Рита уже нетерпеливо протягивала руку, и он протянул ей трубку.

— А теперь выйди ненадолго из комнаты, — приказала ему она. — Нечего подслушивать женские тайны!

Билону пришлось провести на площадке второго этажа не меньше десяти минут, пока дверь не отворилась, и Рита снова не поманила его внутрь.

— У тебя очень приятная знакомая, — заметила она, усевшись на кровати напротив Билона.

— Надеюсь, я тоже получил не самую худшую характеристику? — спросил Билон. — Можно узнать, какую?

— И не надейся, — усмехнулась Рита. — А то еще начнешь зазнаваться. Вас, мужчин, вообще, нужно держать в строгости, чтобы вы не слишком задавались.

— Понял! — Билон не смог сдержать широкой улыбки.

— Вот я и про то. Так как нам все-таки отправить тебя в Зейгалап, чтобы ты не потерялся по дороге? Знаешь, пошли, наверно, к моему отцу.

Генерал Рэстан сидел в большом кресле и читал газету. Спортивная сумка, с которой приехала Рита, стояла у его ног. Ларга Рэстан смотрела новости по телевизору.

— Папа, нам нужно твое содействие, — заявила Рита, едва ворвавшись в гостиную. — Майдер работал в "Утренней звезде" и за это его посадили в концлагерь. Теперь он бежал, и за ним идет охота по всей стране. А ему нужно попасть в Зейгалап.

— Рита! Ну, нельзя же так все сразу! — расхохотался генерал, глядя на отвисшую челюсть Билона. — Совсем с ума парня сведешь!

— Покажи ему, — негромко посоветовала Ларга Рэстан, лишь на секунду оторвавшись от телевизора.

Она, казалось, совершенно не была удивлена и, как мимолетно подумалось Билону, она каким-то образом все знает.

— Смотри, — присев, Рита расстегнула сумку.

Внутри, упакованные в бумагу и какие-то майки и рубашки, лежали несколько газетных пачек.

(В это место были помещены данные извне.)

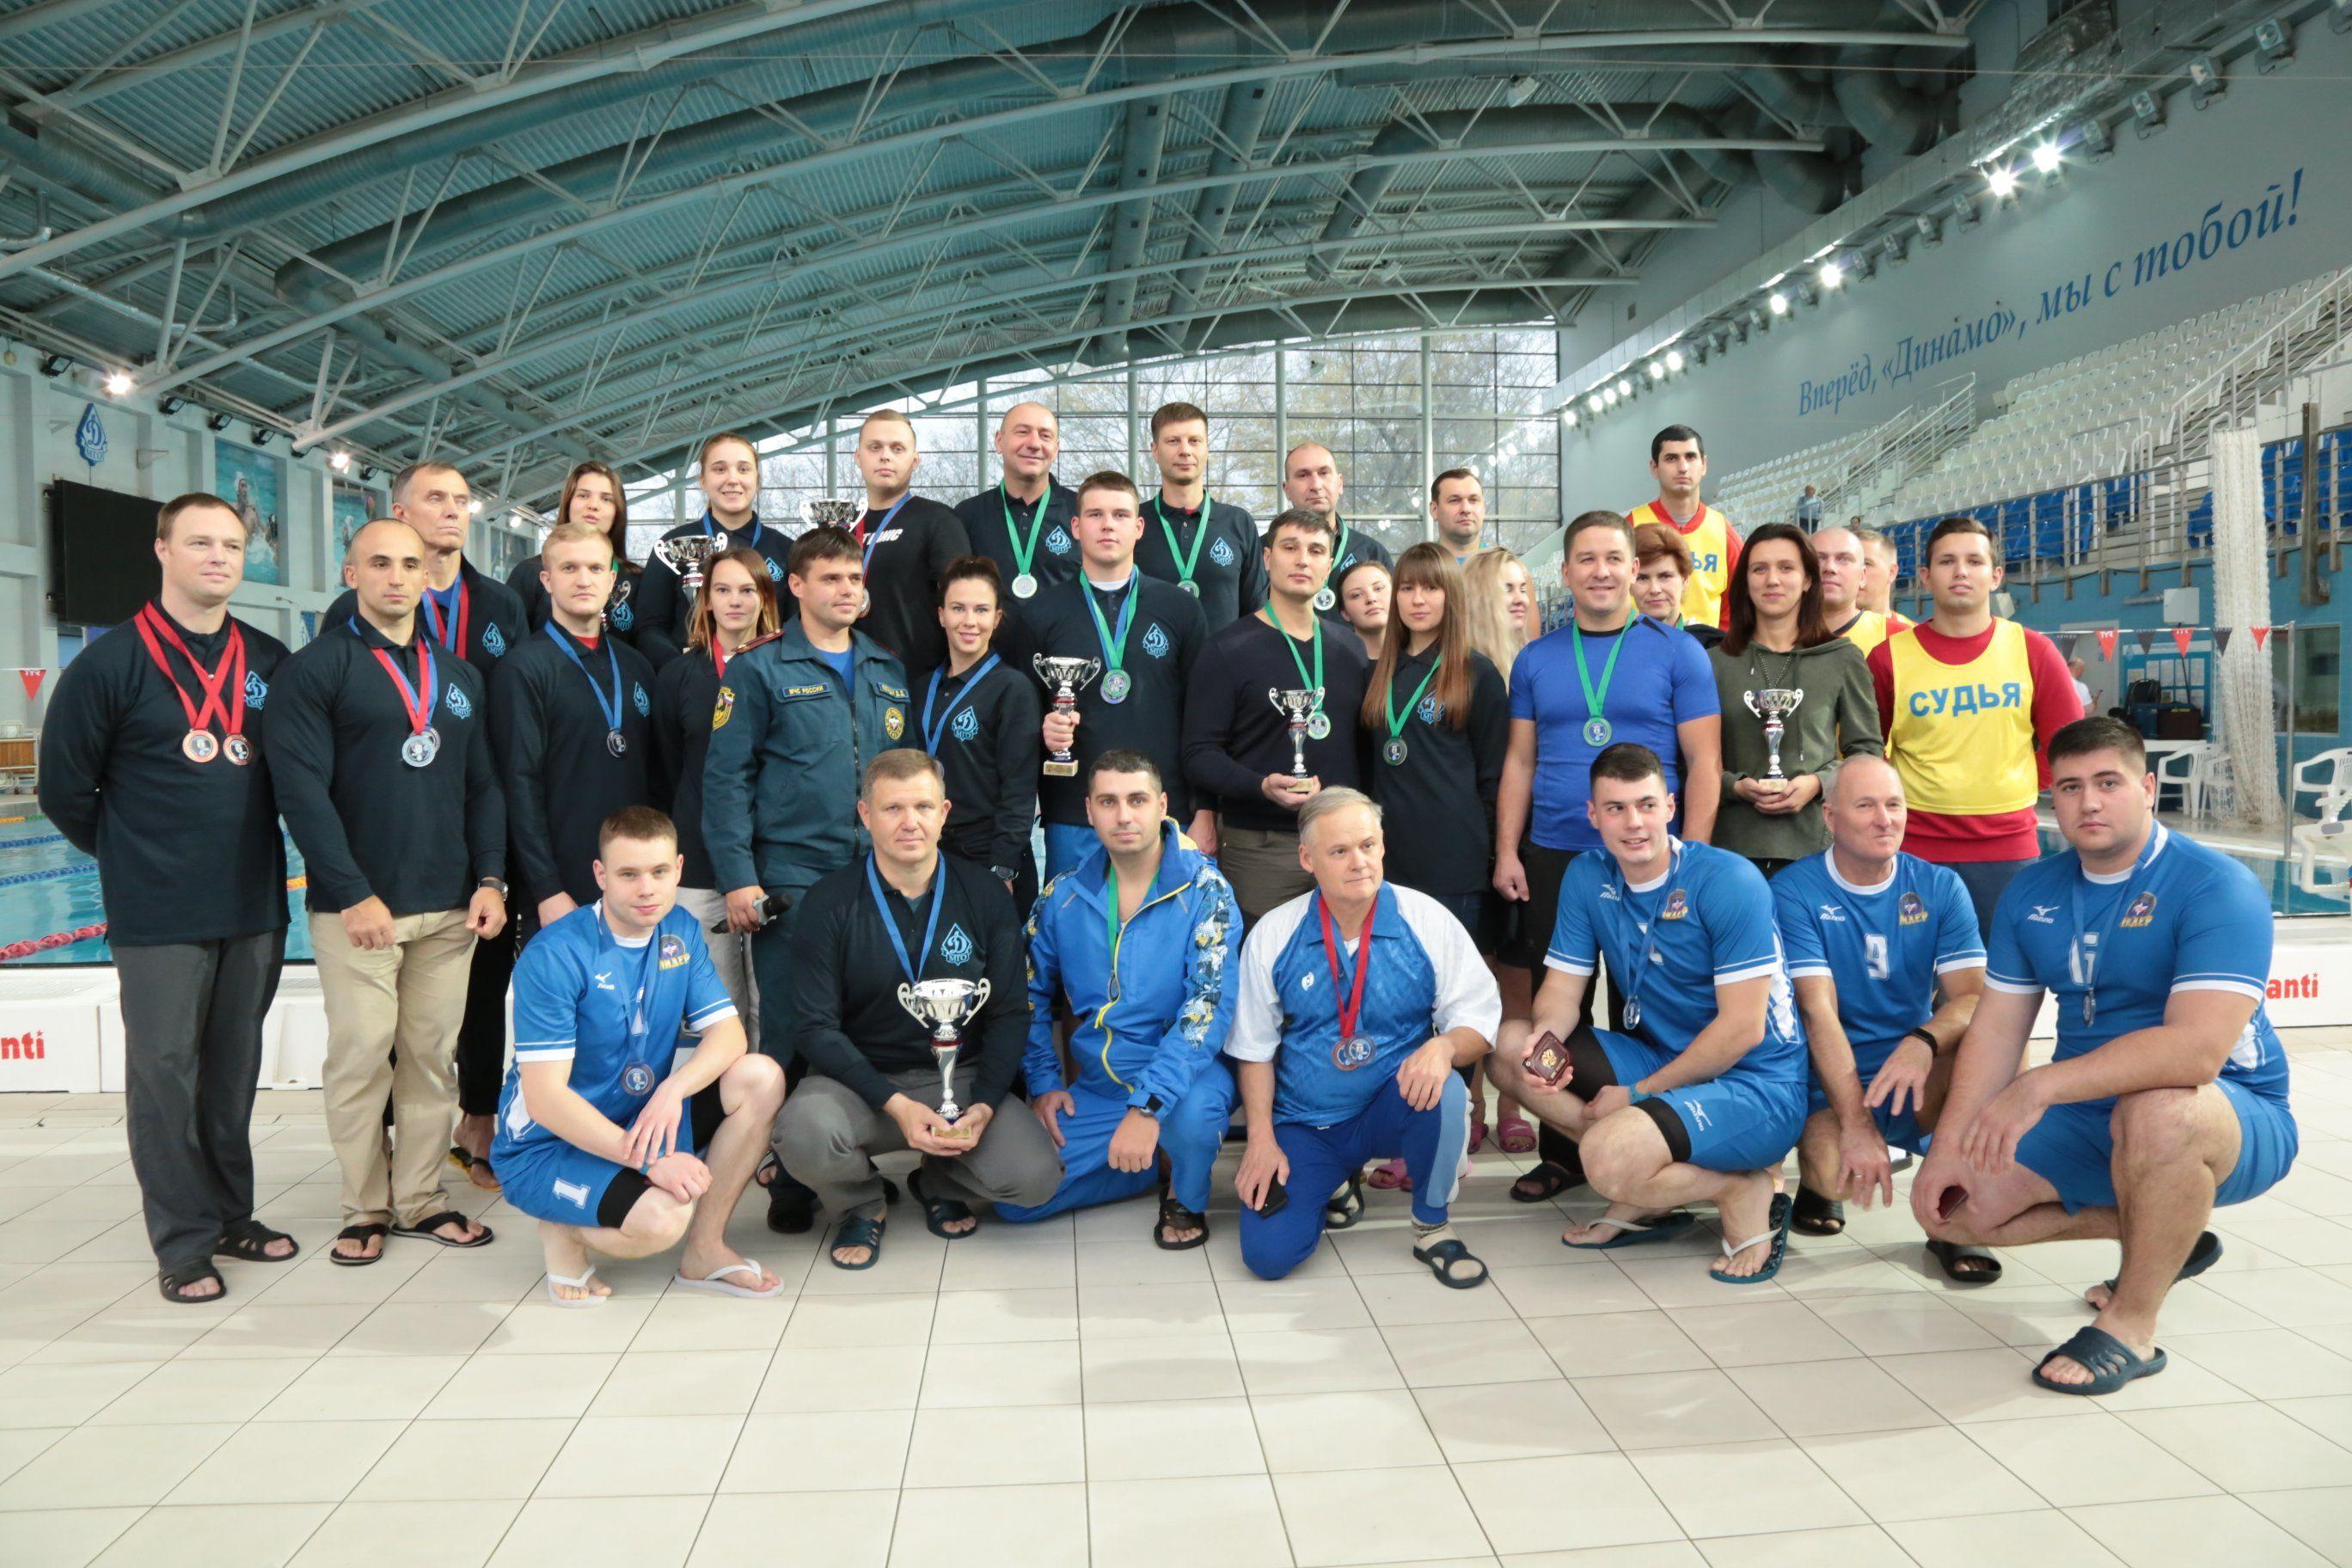 Команда Департамента ГОЧСиПБ заняла первое место в соревнованиях по плаванию в общекомандном зачете

Упаковка на одной из них была разорвана, и Билон узнал "Утреннюю звезду". Она стала меньше и тоньше, а газетная бумага приобрела коричневатый оттенок, но это была, без сомнения, она.

— Но почему...?

— Почему я занимаюсь антигосударственной деятельностью, распространяя официально запрещенную газету? — с улыбкой переспросил генерал. — Во-первых, потому что меня попросила об этом моя любимая непоседа-дочь. А, во-вторых... Рита рассказывала вам обо мне?

— Да, — кивнул Билон. — О том, что вы создавали в Гордане спецназ.

— Верно. Но это было немного позже. А во время войны я имел должность помощника военного атташе. Наш министр обороны, генерал Могли, тогда занимался тем же самым, но в Граниде. А я был по другую сторону фронта — в Барганде, где мне очень сильно не понравилось. У меня иногда возникало впечатление, что в той стране правит не правительство, а тайная полиция. На фронте ее боялись больше, чем противника, а баргандские генералы, наверное, даже себе не решались признаться, что дела складываются не так, как об этом трубит пропаганда. Их армии терпели поражение за поражением, а в тылу все сильнее сгущалась атмосфера лжи и страха. Даже мне, иностранцу с дипломатическим паспортом, было в то время очень сильно не по себе. Настолько не по себе, что поездки на фронт я считал отдыхом...

— И вы считаете, что наша Гордана становится похожей на Барганд времен войны? — спросил Билон.

— Считаю, — одобрительно кивнул генерал. — ТЭГРА и те, кто за ней стоят, наводят на людей страх, и я хорошо узнаю его. Мы, горданцы, жили не в самой благополучной в мире стране, мы боимся преступности, бедности, болезней. Но мы никогда не боялись раньше собственного правительства. Кирстен хочет, чтобы его боялись, очевидно, он считает, что тогда ему будут лучше подчиняться. А когда я раскрываю наши газеты, мне иногда кажется, словно я снова вернулся на двадцать лет назад, в Тогрод. Движение — это единственная сила, которая сейчас противостоит этому нарастающему потоку лжи.

— Но ведь, насколько я знаю, Кирстен благоволит к армии? — заметил Билон.

— Я военный, и не мое дело — обсуждать законность приказов, которые мне отдают. Но как гражданин, я имею право иметь собственное мнение. Мы и здесь все сильнее начинаем напоминать Барганд времен империи. Прочие страны Западного континента для нас — колонии, с которыми можно не церемониться. Может быть, я старомодный человек, но меня учили, что армия должна защищать страну, а не устраивать разные... миротворческие операции в подражание пришельцам! Я уже немолодой человек, и мне поздно переучиваться!

— Они пытались завербовать папиного шофера, чтобы тот доносил на него, — вполголоса пояснила Рита.

— У меня в жизни бывало всякое, но страх никогда не мог победить меня. Не сможет и сейчас! — генерал Рэстан в сердцах ударил по подлокотнику кресла. — Вы попадете в Зейгалап, Майдер. Назло всем этим черным ищейкам! И я надеюсь вскоре снова увидеть ваши статьи в газете.

— Только они будут под псевдонимами, — развел руками Билон.

— Ничего страшного, у меня теперь есть источники информации, — хитро усмехнувшись, Рита подмигнула Билону. — А теперь, гвоздь программы! Майдер, ты не расскажешь нам, как вы обнаружили пришельцев и что там потом было?...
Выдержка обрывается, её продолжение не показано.